How well can we predict heart disease from patient data? Ideally, we'd like to measure a set of parameters on a patient, and predict the likelihood of whether or not they will develop heart disease, when, and the severity of the disease.

A dataset from a 1988 coronory disease study is given in the UCI Machine Learning Heart Disease Dataset. Data was collected at the Cleveland Clinic from 303 patients with and without heart disease. As there are few data points, patients with varying severity of heart disease were grouped together in a target variable. Some of the seventy-five columns of original data were corrupted, and replaced with fourteen columns by the data author. After data cleaning, 297 patients were left. Despite the small size, it is a reasonable dataset to start exploring coronary disease prediction.

Exploration

Data exploration and prediction is given in coronary_predict.py. The data was randomly split into 70% training data and 30% test data. A scatter matrix of training data shows some correlation between variables, for example between maximum heart rate and fluoroscopy vessel count, but no strong trends are apparent. Due to large variability (standard error divided by mean greater than 2), the b_sugar_up column was dropped.

scatter matrix

Histograms of train and test data typically show similar patterns, so that variable column values are typically uniformly distributed between train and test.

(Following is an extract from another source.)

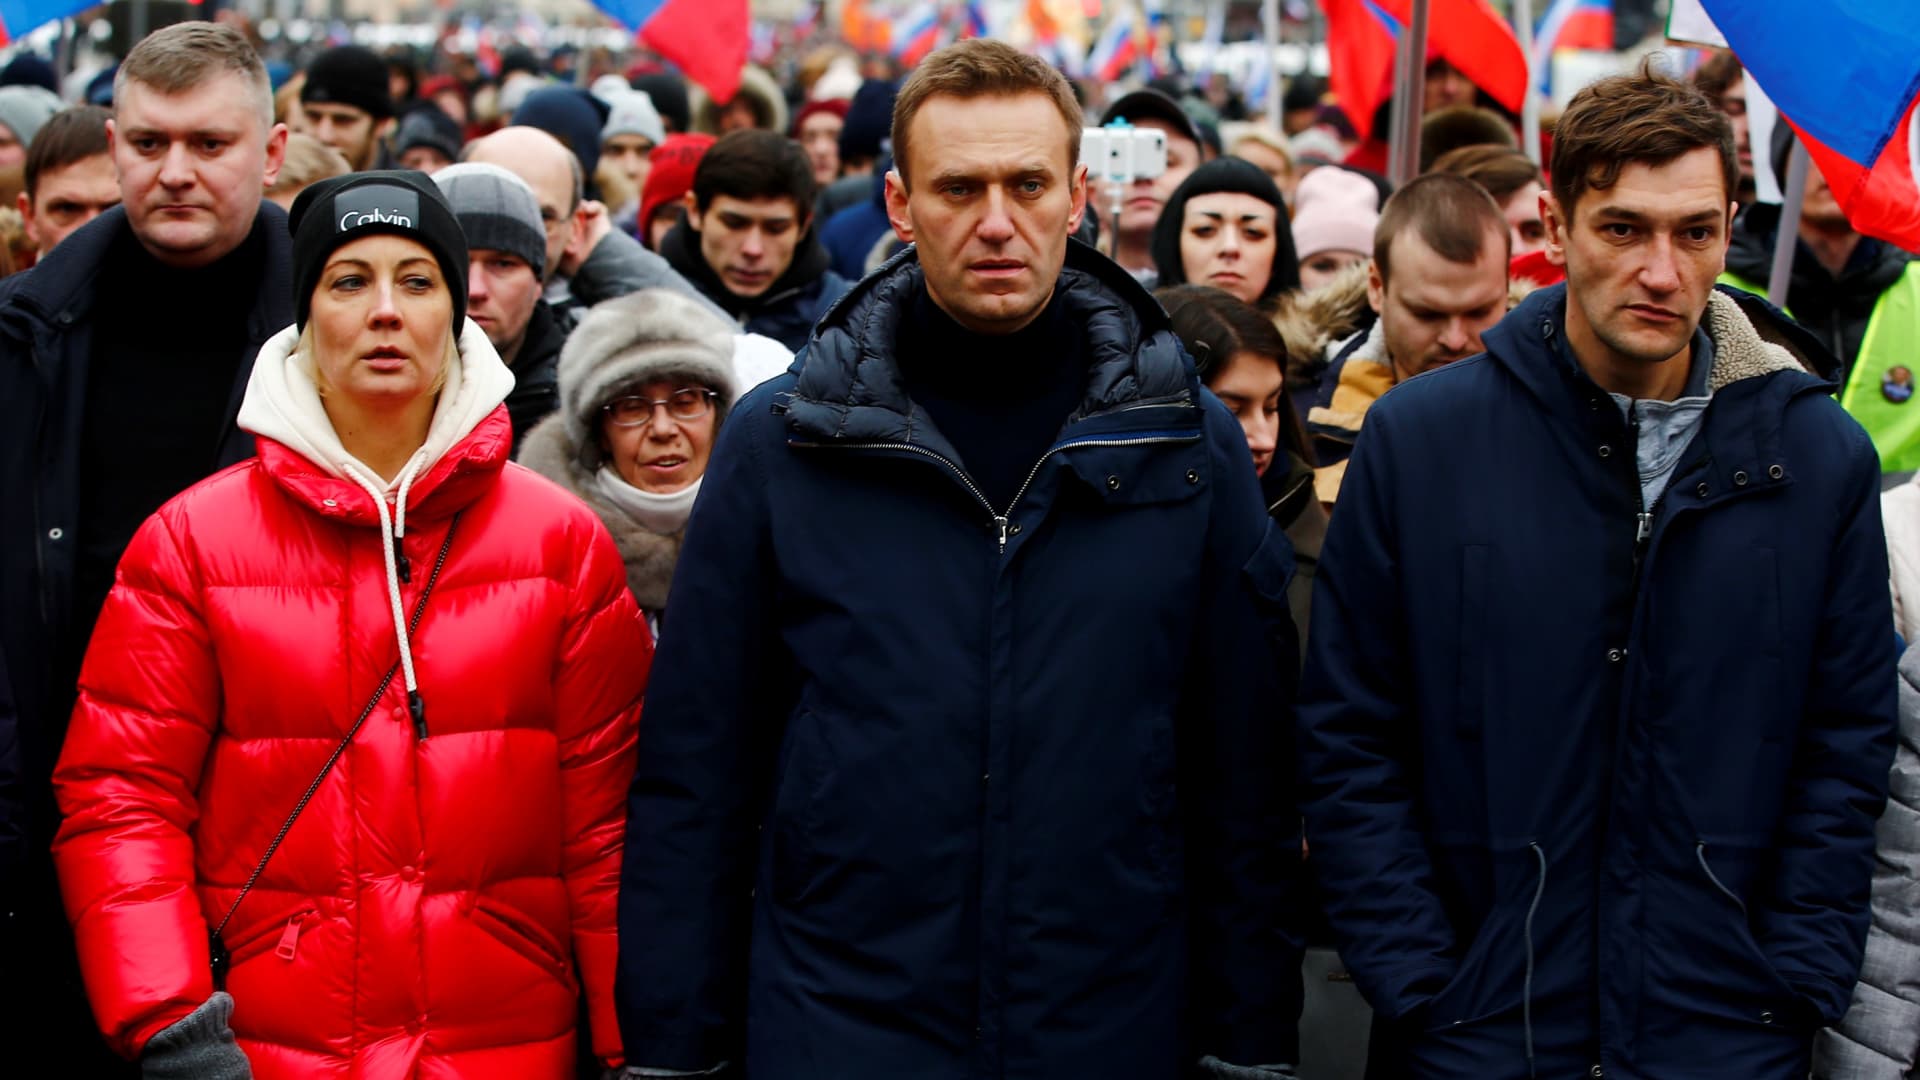 Russian opposition leader Alexei Navalny, his wife Yulia and brother Oleg take part in a march at Strastnoy Boulevard in memory of Russian politician and opposition leader Boris Nemtsov on his 4th death anniversary in Moscow, Russia on February 24, 2019.

coronary training data histograms

coronary test data histograms

Evaluating Incoming Test Data

If the test data for groups of patients comes in batches periodically, we could compare the variable distributions between train and test data to see if any anomalies stand out, to check if incoming data is statistically different from training data and needs attention. This would also tell us something about the validity of the procedure. We may use test data to model this process, using an Independent T-Test comparing each column of variables in train and test data. Typical p-values are given in the table below, all > 0.05 (no significant difference).

variable p-value of train, test
age 0.24
sex 0.98
chest_pain 0.42
b_pressure 0.65
cholesterol 0.56
ecg_type 0.93
heart_rate 0.71
exer_angina 0.33
exer_depress 0.051
exer_slope 0.72
fluor_count 0.68
thal_defect 0.29
A Note on Unit Testing

Unit testing of data science methods may be useful when writing a new algorithm or testing routines. One may test if an algorithm returns a result, or good results, or implements a particular API. Most of the Scikit-learn methods are already tested for this, provided one follows suggestions for sensible data as described in the docs, such as scaling the data beforehand if needed.

However! One very useful task in data science is to test not just the routines, but the data. These types of tests are represented above. For example, is the distribution of parameters in the training and test sets the same, statistically speaking? Are they the same for incoming data in a new data stream? If not, one may flag the data in production. For example, for each data column one may write:

assertGreater(ttest.pvalue, 0.05)

This of course depends on what your Null Hypothesis is, your assumptions about the data and models, and what issues you are attempting to solve with data science. In this case, we are trying to predict heart disease in patients.

Modeling and Fitting

If there are no significant anomalies in the data, we proceed to fit the training set using:

We scaled the continuous variable data columns, and added one-hot encoding for chest_pain. We found the training data fits the presence or absence of coronary disease with an accuracy of 82% +- 7% using either method. A standard error was estimated from 5-fold cross-validation scores, which varies by 1-2% due to the small amount of data and random variation in the train test split.

Logistic Regression of normalized data gives an idea of variable importance, provided the coefficients are not collinear. The order of the coefficients varies somewhat, depending on randomness in the train and test datasets. In general, fluoroscopy vessel count (fluor_count) is always at top, chest_pain type is in the top five, and sex has more influence than age. Typical values are given below.

variable logistic regression coefficient
fluor_count 1.08
sex 0.95
chest_pain 0.78
b_pressure 0.51
intercept -0.44
thal_defect 0.44
heart_rate -0.43
exer_slope 0.40
exer_angina 0.34
cholesterol 0.26
exer_depress 0.17
ecg_type 0.15
age -0.06

Prediction

Assuming we are satisfied there are no significant anomalies in the incoming test data, and that the training data is not overfit and is reasonable, we proceed with test data prediction using:

  • Logistic Regression
  • LinearSVC

Using the test data, we find a prediction score accuracy of about 80% +- 7% using either classifier. The fit and prediction scores depend on the random split between train and test data, and are as reliable as random variation in the data allows. Logistic Regression gives an idea of variable importance, while LinearSVC is less sensitive to variable dependence. Both methods are about as fast. We suggest using Logistic Regression for parameter importance modeling, and LinearSVC for more accurate training and production tests, though more data is needed.

Conclusion

These methods indicate a general feasibility of predicting heart disease in patients. However, better quality data is needed before quantifying the results.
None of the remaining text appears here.